With the upcoming marriage equality referendum in Ireland, the country is in the midst of heavy debate. A considerable number of Irish citizens are in favor of same-sex couples’ rights to marry; others, like journalist and patron of conservative Catholic advocacy group Iona Institute, Breda O’Brien, oppose it fervently.

When posed with the image of a fatherless household run by a mother and grandmother, she was asked for the difference between that and a household run by a lesbian couple. She responded: “Do you think we should change the Constitution to allow grandmothers and their daughters to marry?”

O’Brien says she doesn’t oppose civil partnerships for same-sex couples in general, but draws the line at marriage when children often become involved.

She believes a mother-daughter household is acceptable because, although the child’s father is absent, the child’s right to having a father has not been “taken away,” as would be with a lesbian couple.

She told “Morning Ireland” that she believes it is “very clear” that the best environment for children is a household run by a father and mother.

This response from O’Brien follows the government’s release of the wording that will be added into article 41 of Ireland’s Constitution should the referendum pass:

“Marriage may be contracted in accordance with law by two persons without distinction as to their sex.”

O’Brien says that if passed, the referendum will make it impossible to infer that a household run by a man and woman is “preferable” when it comes to raising a child, the Journal said.
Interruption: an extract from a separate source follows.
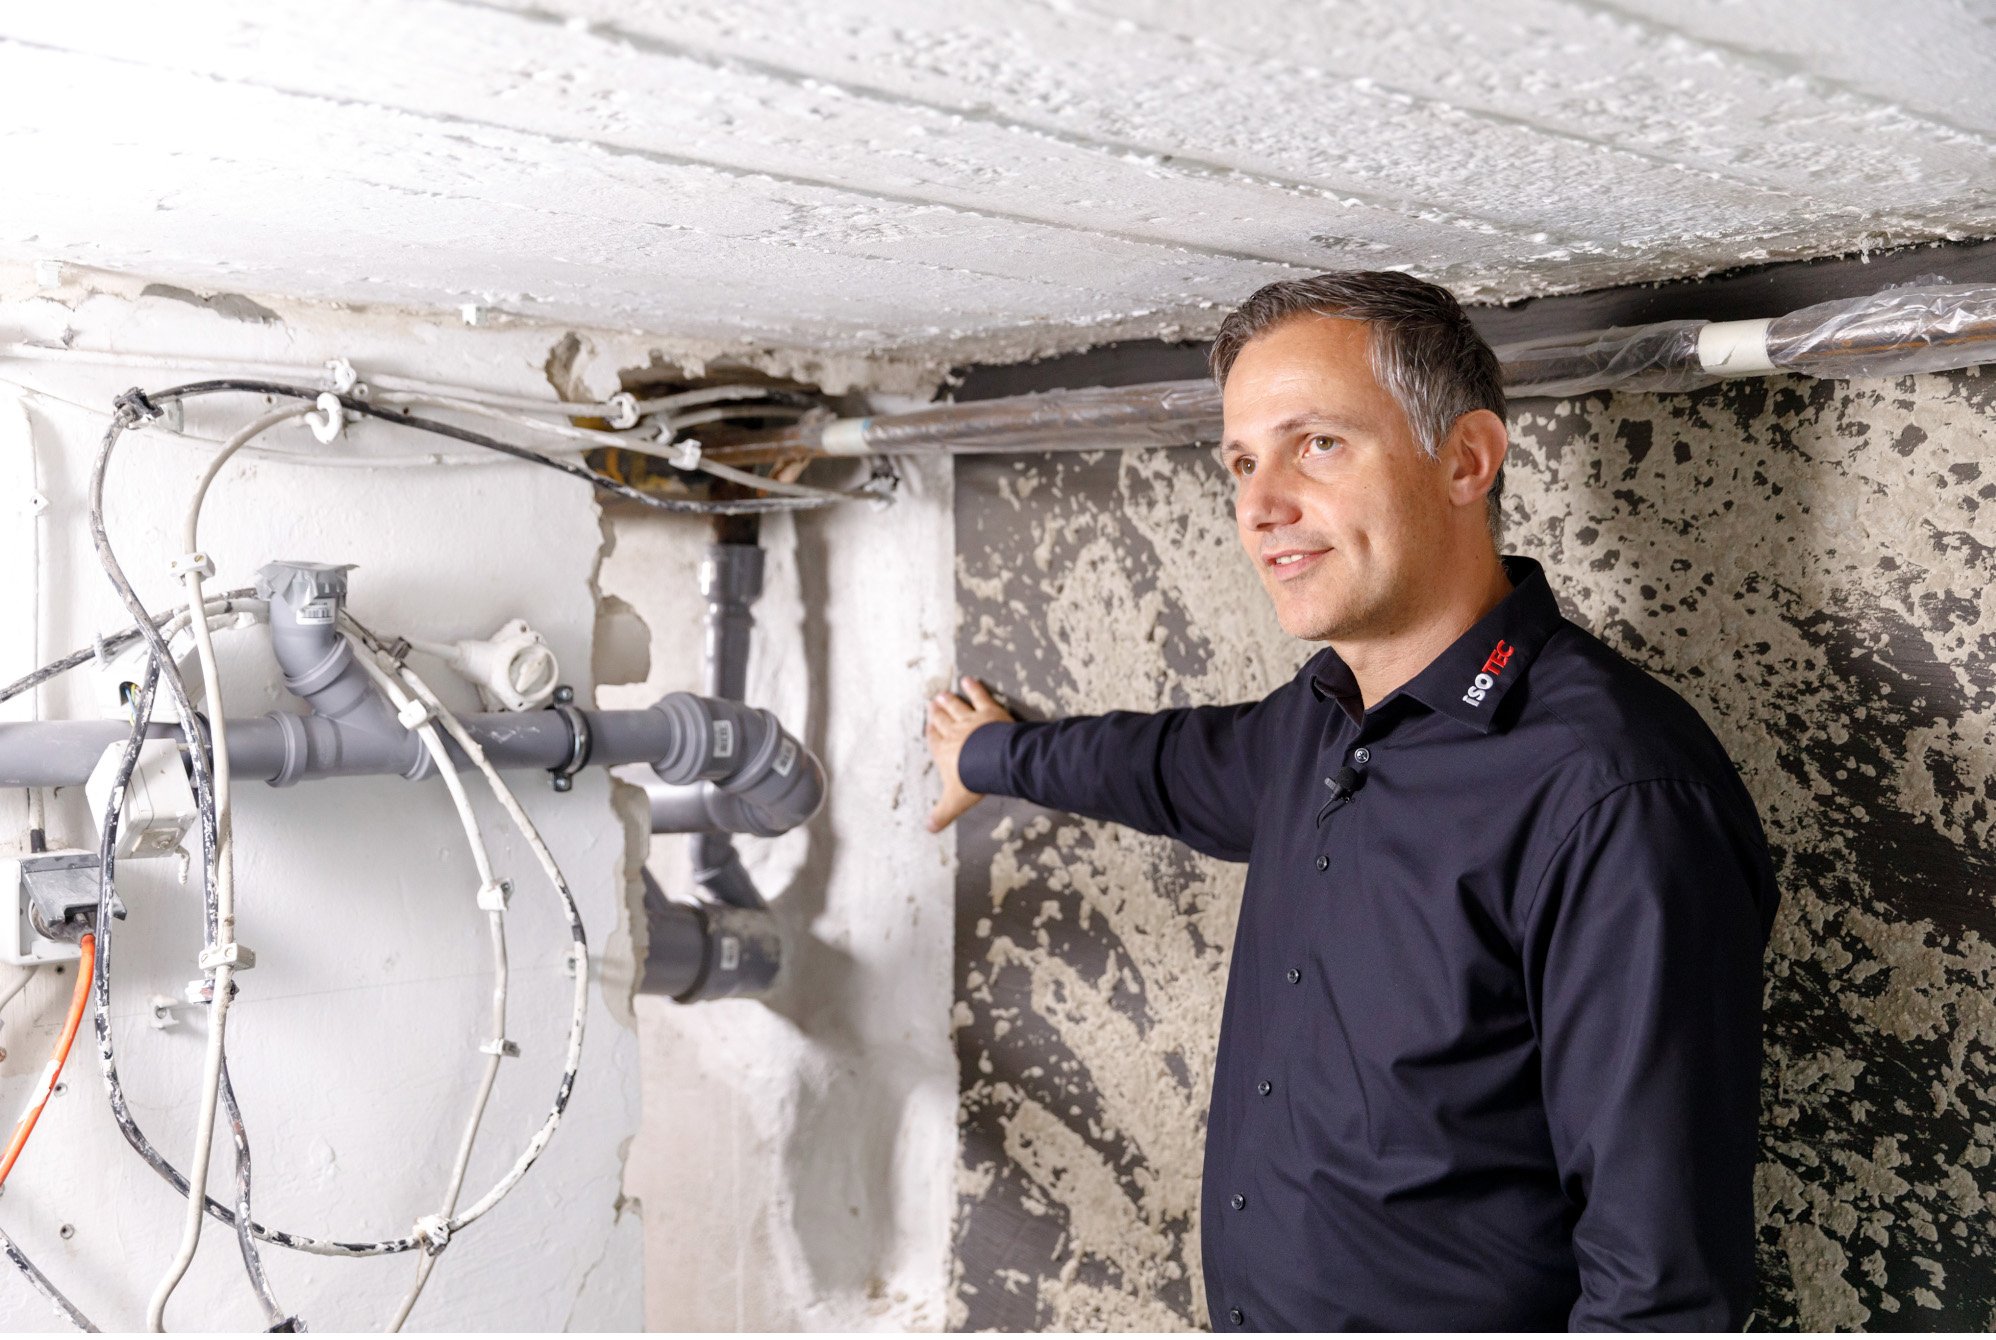 Nach fachmännischer Schadensanalyse ist die Lösung die ISOTEC-Innenabdichtung für den feuchten Keller.

Labour TD Dominic Hannigan, who married his long term male partner in London last year, pointed out that one in four children in Ireland do not have a “traditional” family structure that includes a mother and father for various reasons, and that the government has put the rights of children “at the forefront of legislation” since it took office.

The new law is about “making sure their futures are protected,” Hannigan said.

He added that, though there is widespread support in Ireland for the referendum, citizens should not assume it’s been won; he and encourages all to campaign for a 'Yes' in addition to voting so.

“A very, very difficult campaign would have to be fought,” he said. “We cannot allow this to be lost because of complacency or apathy.”

Before the marriage equality referendum in May, the government plans to enact the Children and Family Relationships Bill that will cover the controversial issue of gay adoption and potentially allow gay couples to jointly adopt rather than individually adopt.